Keduanya ditetapkan dalam Konferensi Daerah (Konferda) GMNI Jawa Timur yang digelar di Kabupaten Nganjuk. Penetapan tersebut berlangsung setelah rangkaian persidangan selama empat hari, sejak 4 September hingga Senin, 7 September 2026.
Sebanyak 32 DPC GMNI se-Jawa Timur tercatat hadir dalam forum tersebut. Pembukaan Konferda berlangsung di Pendapa KRT Sosrokoesoemo, Pemerintah Kabupaten Nganjuk, sedangkan seluruh rangkaian persidangan dilaksanakan di Hotel Wisata Karya.
Kelvin Arisudin dan Michael Purnomo memperoleh dukungan melalui 23 surat rekomendasi dari cabang-cabang GMNI yang hadir. Jumlah tersebut telah melampaui dua pertiga cabang yang mengikuti Konferda.
Ke-23 cabang yang memberikan rekomendasi tersebut yakni DPC GMNI Jombang, Mojokerto, Malang Raya, Tuban, Lumajang, Bojonegoro, Surabaya (Ketua Virgi), Surabaya (Ketua Fito), Banyuwangi, Tulungagung, Blitar, Bangkalan, Malang (Ketua Stanis), Pamekasan, Gresik, Malang (Ketua Albert), Magetan, Sampang, Lamongan, Pacitan, Pacitan (Ketua Della), Madiun, dan Kabupaten Malang.
Dukungan tersebut datang dari berbagai kawasan di Jawa Timur, mulai dari Madura, pesisir utara, kawasan Mataraman, Malang Raya, Surabaya, hingga Banyuwangi.
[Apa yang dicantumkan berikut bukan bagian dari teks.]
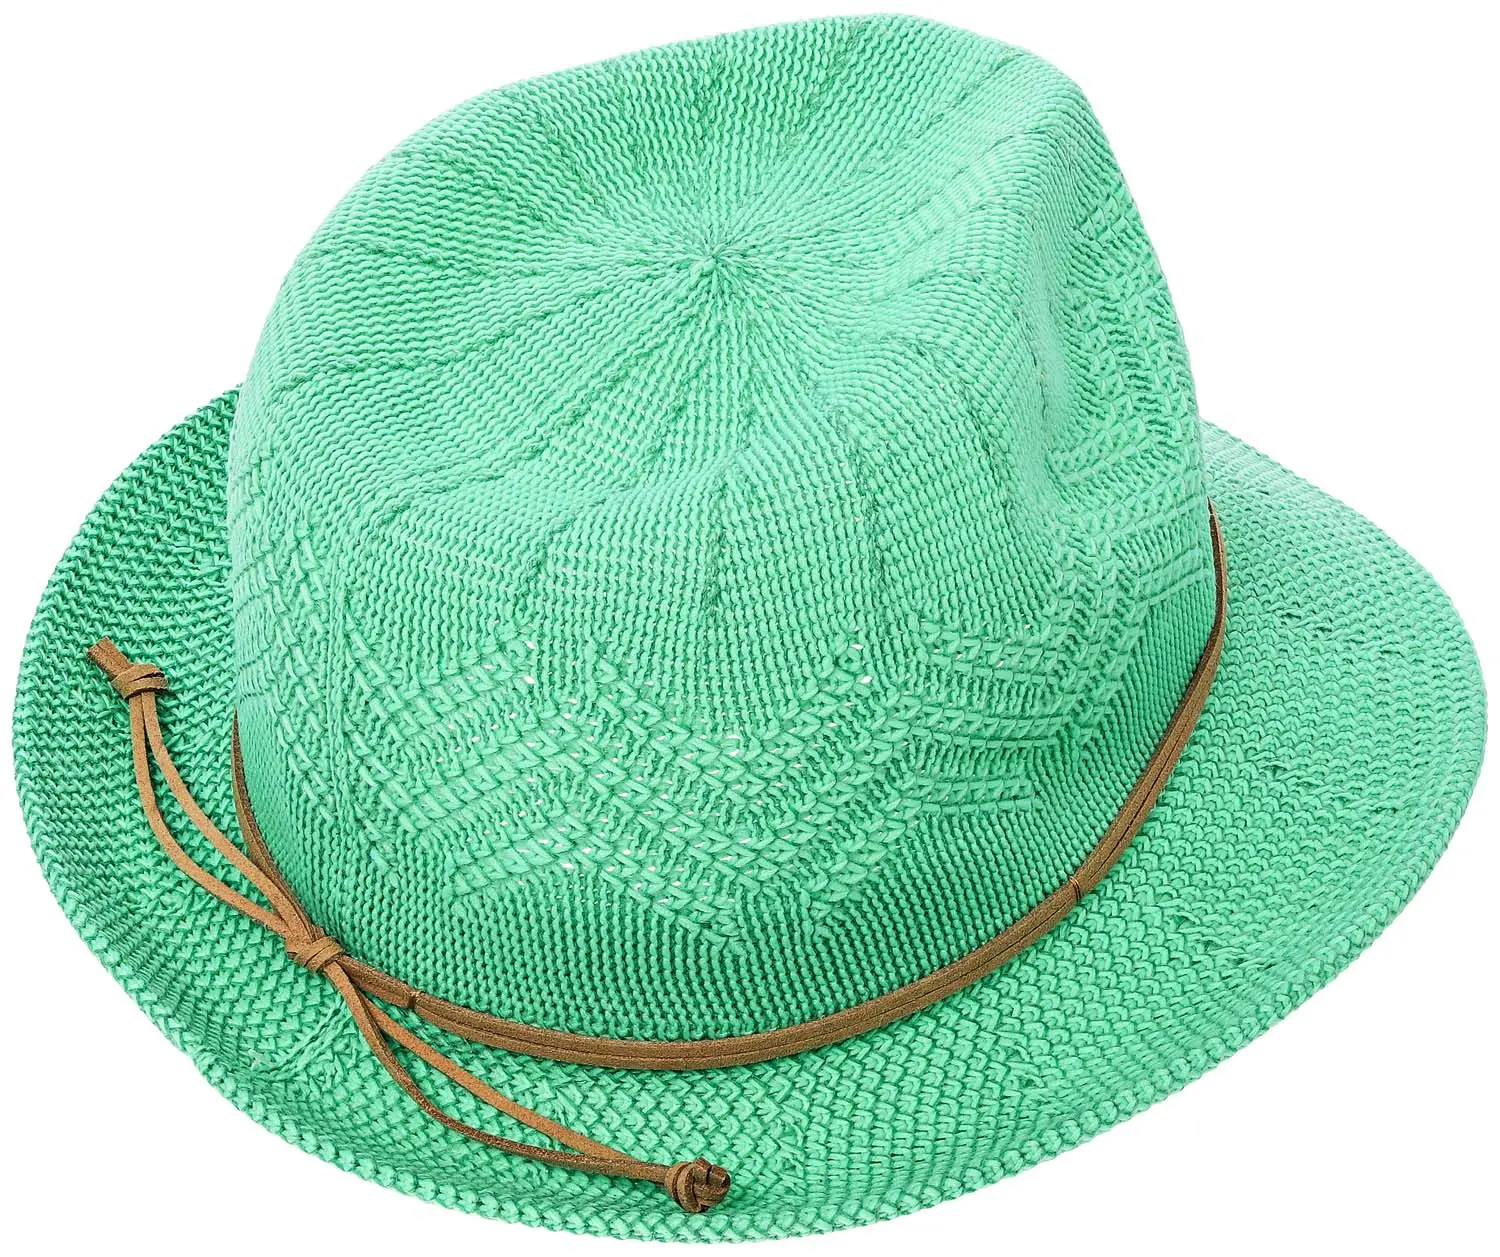 Sombrero - Turquoise Island

Sebaran rekomendasi lintas wilayah itu menjadi gambaran adanya konsolidasi organisasi yang cukup luas. Dalam tradisi organisasi kader GMNI, rekomendasi tidak sekadar menjadi dukungan administratif, tetapi juga merupakan bentuk pernyataan sikap dan kepercayaan cabang terhadap pasangan yang diusung.
Konferda merupakan forum tertinggi GMNI di tingkat daerah yang dilaksanakan setiap dua tahun. Forum ini menjadi ruang bagi seluruh cabang untuk melakukan evaluasi terhadap perjalanan organisasi sekaligus menentukan arah kepemimpinan dan program kerja untuk periode berikutnya.
Dengan berakhirnya Konferda dan ditetapkannya Kelvin Arisudin bersama Michael Purnomo, kepengurusan baru DPD GMNI Jawa Timur kini mendapat mandat untuk menjalankan roda organisasi selama dua tahun ke depan.
Tantangan berikutnya adalah menjaga soliditas antarcabang, memperkuat kaderisasi, serta menerjemahkan hasil Konferda ke dalam program kerja yang mampu menjawab kebutuhan kader dan dinamika masyarakat Jawa Timur.
Mandat yang diberikan oleh 23 cabang tersebut menjadi modal penting bagi kepengurusan baru untuk melanjutkan konsolidasi organisasi dan membawa GMNI Jawa Timur memasuki babak baru.